Secure -Access Control-Encryption-Authentication

Secure

Securing the network involves the intelligent placement of security devices such as firewalls, IDS, and other systems. Before doing so, however, the security team should have a detailed knowledge of the network in which they work. This involves gathering and understanding attributes such as overall network size and topology, ingress and egress points, service locations, and general application flow parameters. Understanding the traffic and how it flows across the network is an essential step in security implementations.

Securing the network also involves the security policy established in the first step of the methodology. Each network and organization differs in their needs, which is why a tuned security policy is necessary.
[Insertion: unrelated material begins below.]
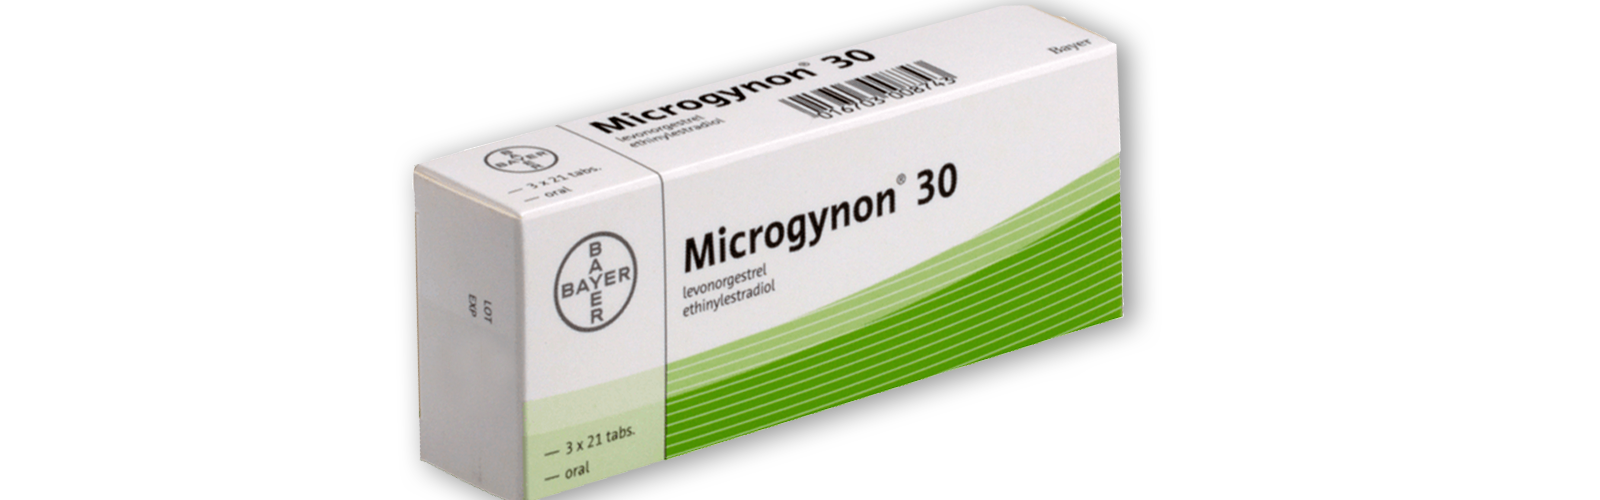 svorio netekimas mikrogynone 30

Security administrators will find that the following security solutions are required:

  • Access Control

  • Encryption

  • Authentication

  • Vulnerability Patching

Access Control

Access control mechanisms can take many forms. Perimeter barrier devices are often first considered when securing a network. Firewalls in the form of packet filters, proxies, and stateful inspection devices are all helpful agents in permitting or denying specific traffic through the network. Access controls also exist on end systems in the form of a privilege level for access to resources, configuration files, or data.


Note

Securing the enterprise requires intimate knowledge of your infrastructure including network design, services locations, and data traffic flow attri-butes, among others. Knowing these details allows you to place IDS and perimeter security devices such as firewalls in the most effective locations to prevent unwanted intrusions. Without this knowledge, administrators will waste corporate resources by over-deploying security infrastructure, or worse, missing unseen attack avenues into the enterprise.

Encryption

Encryption in the form of IPSec, PPTP, or other protocols can help ensure confidentiality of data transport within networks and between networks. Virtual Private Networks (VPNs) are often cost-effective measures to facilitate private communication across a shared network infrastructure.

Authentication

After thorough planning, security support infrastructure such as authentication, authorization, and accounting (AAA) systems can be implemented to provide verification for access and privilege control through firewalls and VPNs to services. Cisco offers Secure Access Control (ACS) as a means of implementing AAA. Several varying degrees of authentication can be integrated with AAA such as clear-text passwords, Microsoft CHAP, S/Key and SecurID. Administrators should set up logging capabilities for historical and forensic data analysis and monitoring.